Back in the Saddle

Tuesday, July 19, 2016
Over the past three decades I've had many jobs: waitress, bookkeeper, toy saleperson, teacher, typist, writing tutor, blog tour manager. Of course writer was always somewhere in the mix. For the first decade of my son's life that's all he knew. To him I was a mom and I was a writer. Then a job that offered a few things most writers can only dream of--a steady paycheck, regular hours, insurance, contributions to my 401K, an office that didn't double as the kitchen table--came along. Plus, I could get my son on the bus in the morning and be home early enough to make supper for the family before my husband headed to his night shift job. It was perfect.

Except it wasn't. Yes, the job was great but it wasn't writing. Not only that but it had a negative effect on my writing. On my list (my long, long list) of things to do at the end of a work day, my writing continually was pushed to the bottom. I tried but I never seemed to have the time or energy. Eventually, I came to the conclusion that maybe that aspect of my life was over. I had tried to be a writer. I hadn't been able to make a living as a writer. Now I was something else. I believed no one had even noticed that I had stopped writing. Seven words challenged that belief.

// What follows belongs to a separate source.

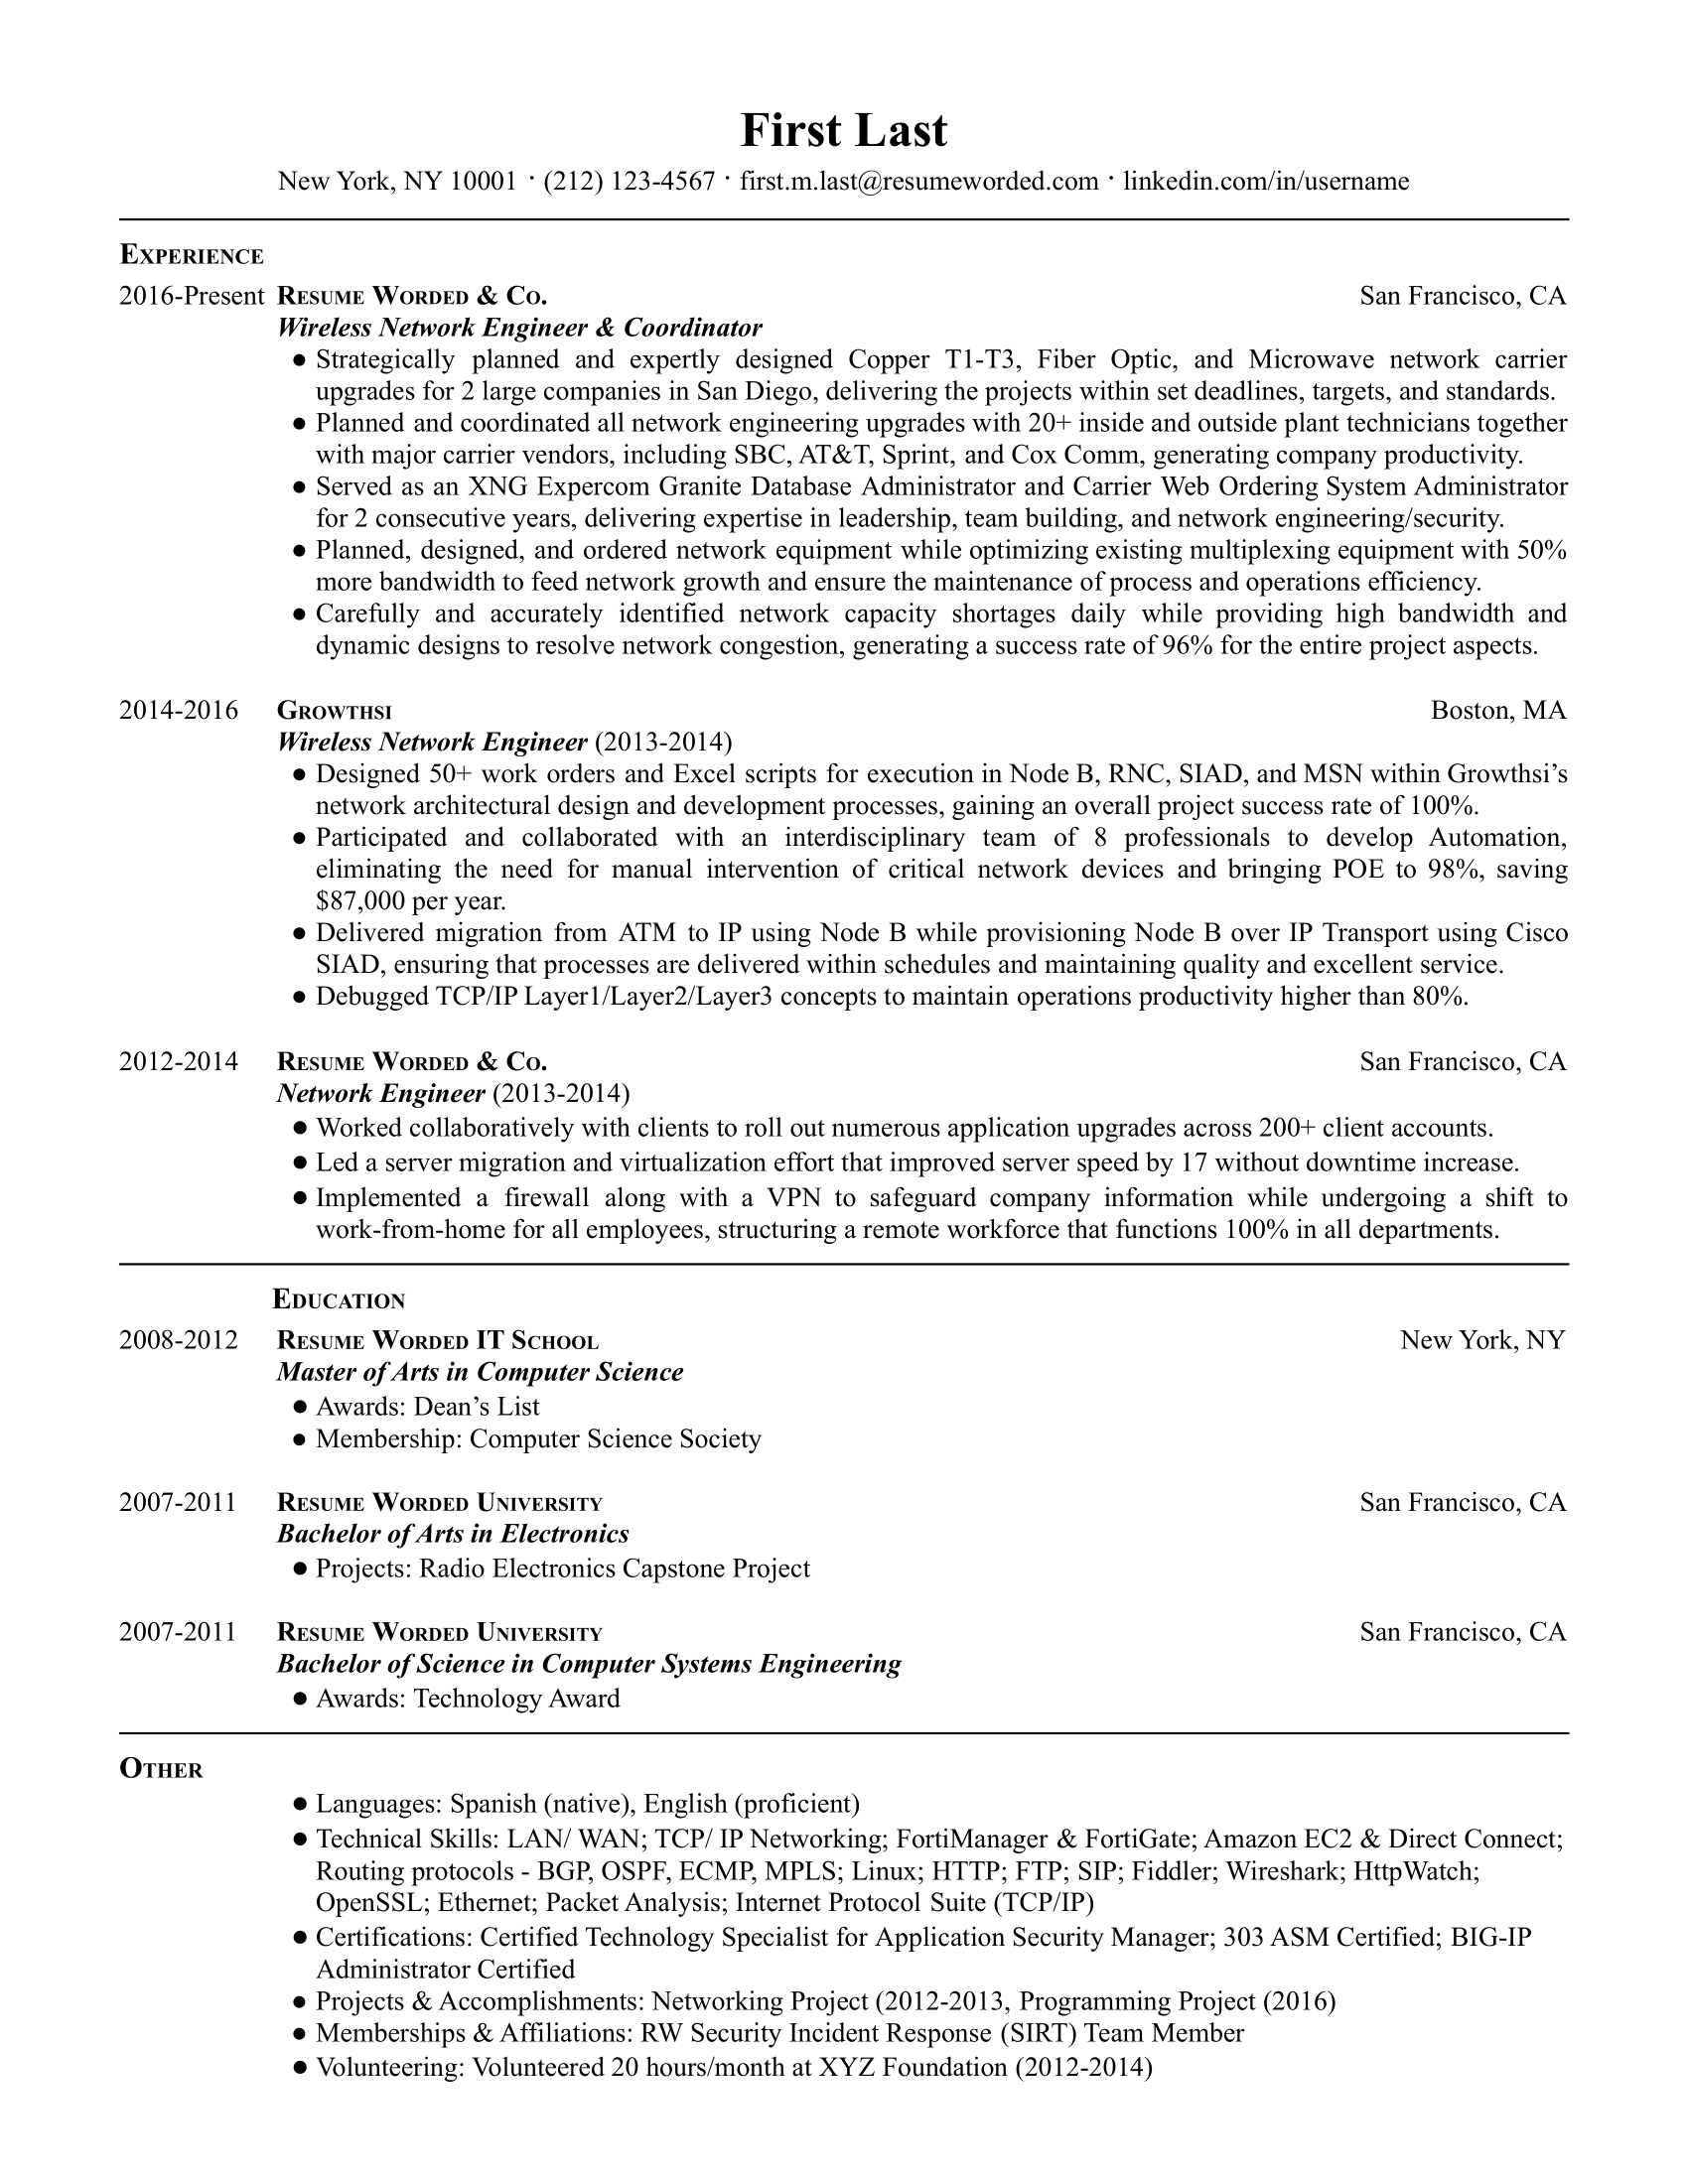 Wireless network engineer resume with continuing education, skills section, and relevant work experience
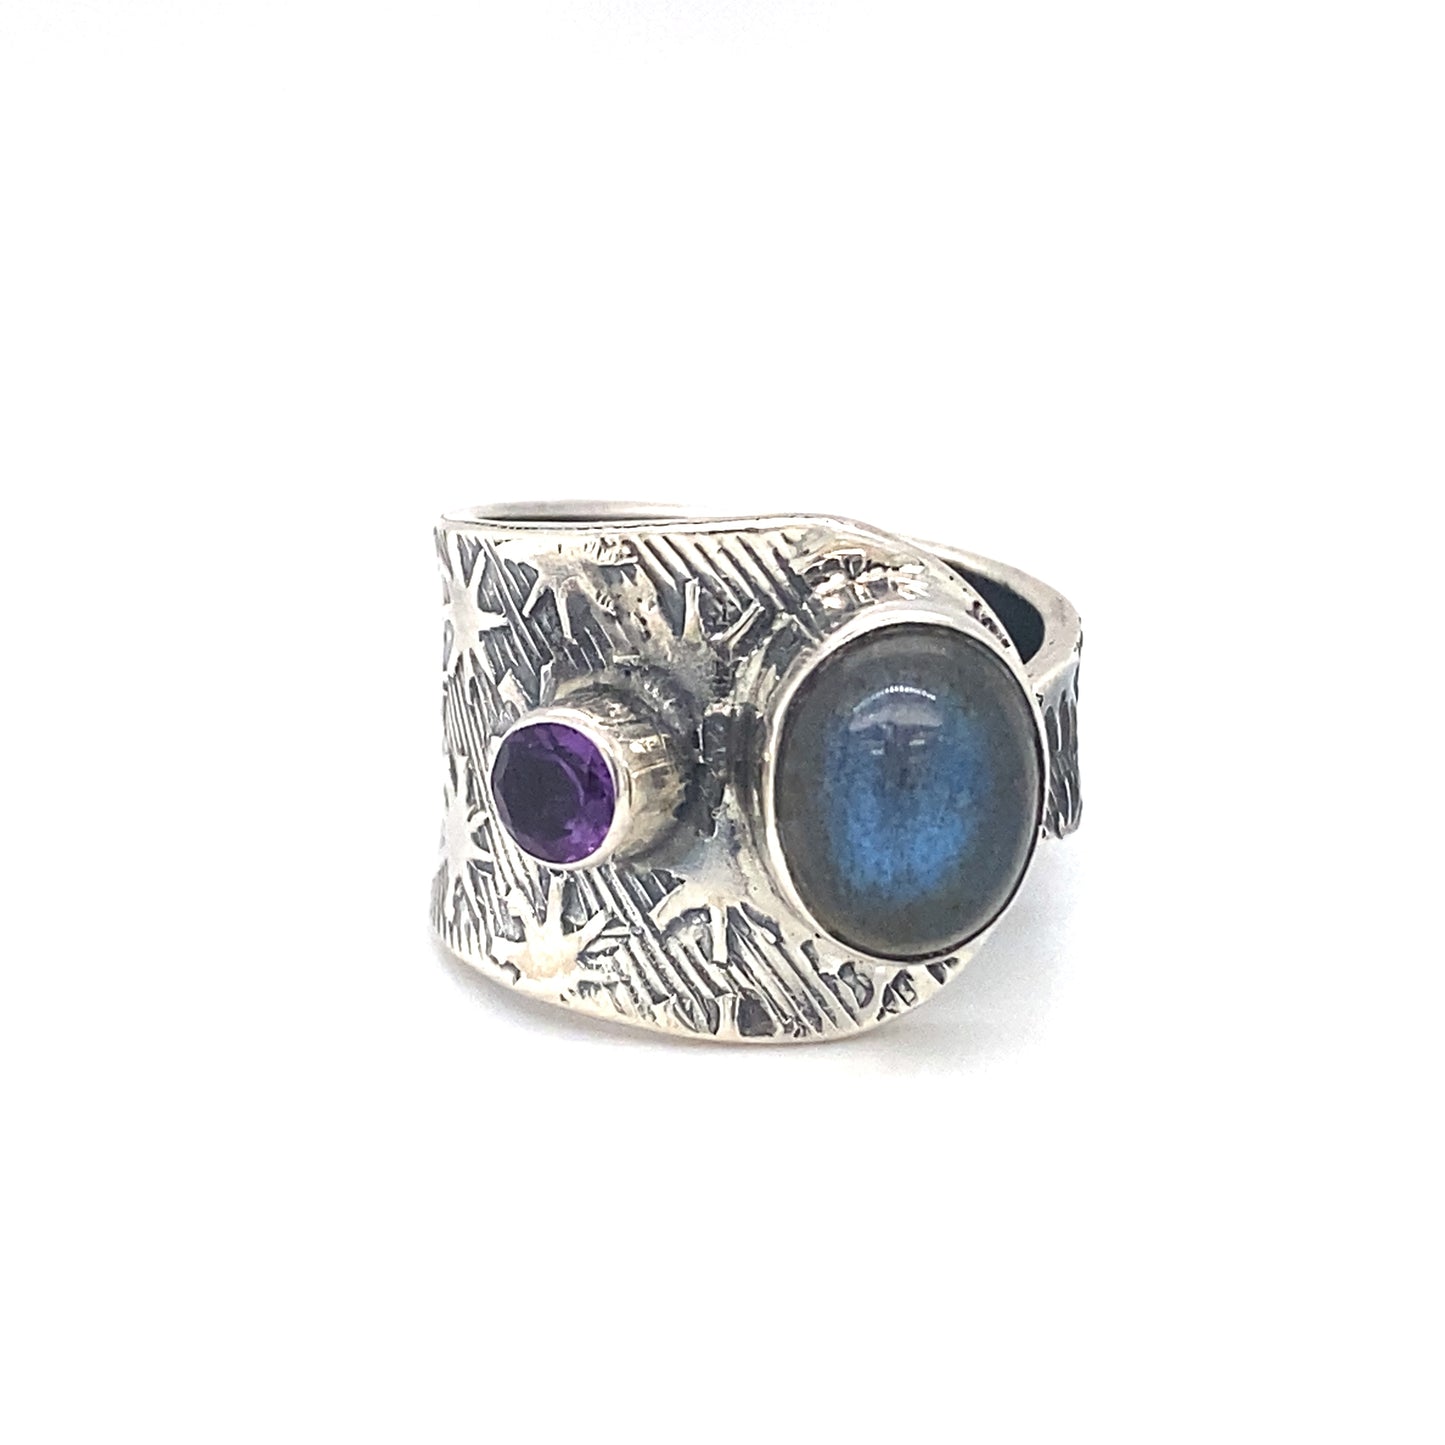 Circa 1990s Labradorite and Amethyst Adjustable Ring in Sterling Silver

"I liked when you were a writer."

My son had noticed. That offhand comment made in passing as he was setting the table one evening forced me stare the facts in the face. I wasn't a writer any longer. Writers write. It also jump started the writer in me. I began writing again. Maybe not as a living, but enough that I can feel that joy again. I've accepted a writing assignment at my "real job" and am working on a curious idea that even if it isn't published makes me happy. And I can say to my son, "I still am a writer."

Did you ever take a break from writing (voluntary or not)? What made you "get back in the saddle" again?

Jodi M. Webb is writer living in Pennsylvania who also is a WOW blog tour manager. You can find her at Building Bookshelves. Today Schuylkill Heroes, a feature about military personnel that she's writing for The Republican-Herald, begins. She's also found inspiration for a new WIP at her non-writing job.


Unknown said...

Jodi: thank you so much for your blog today. I love your articles on WOW so thank you for taking time to share your thoughts!

I actually read the WOW blog religiously but it's on my phone, so I never make comments because I hate typing on my little screen. But today, I was inspired to leave my "two-cents."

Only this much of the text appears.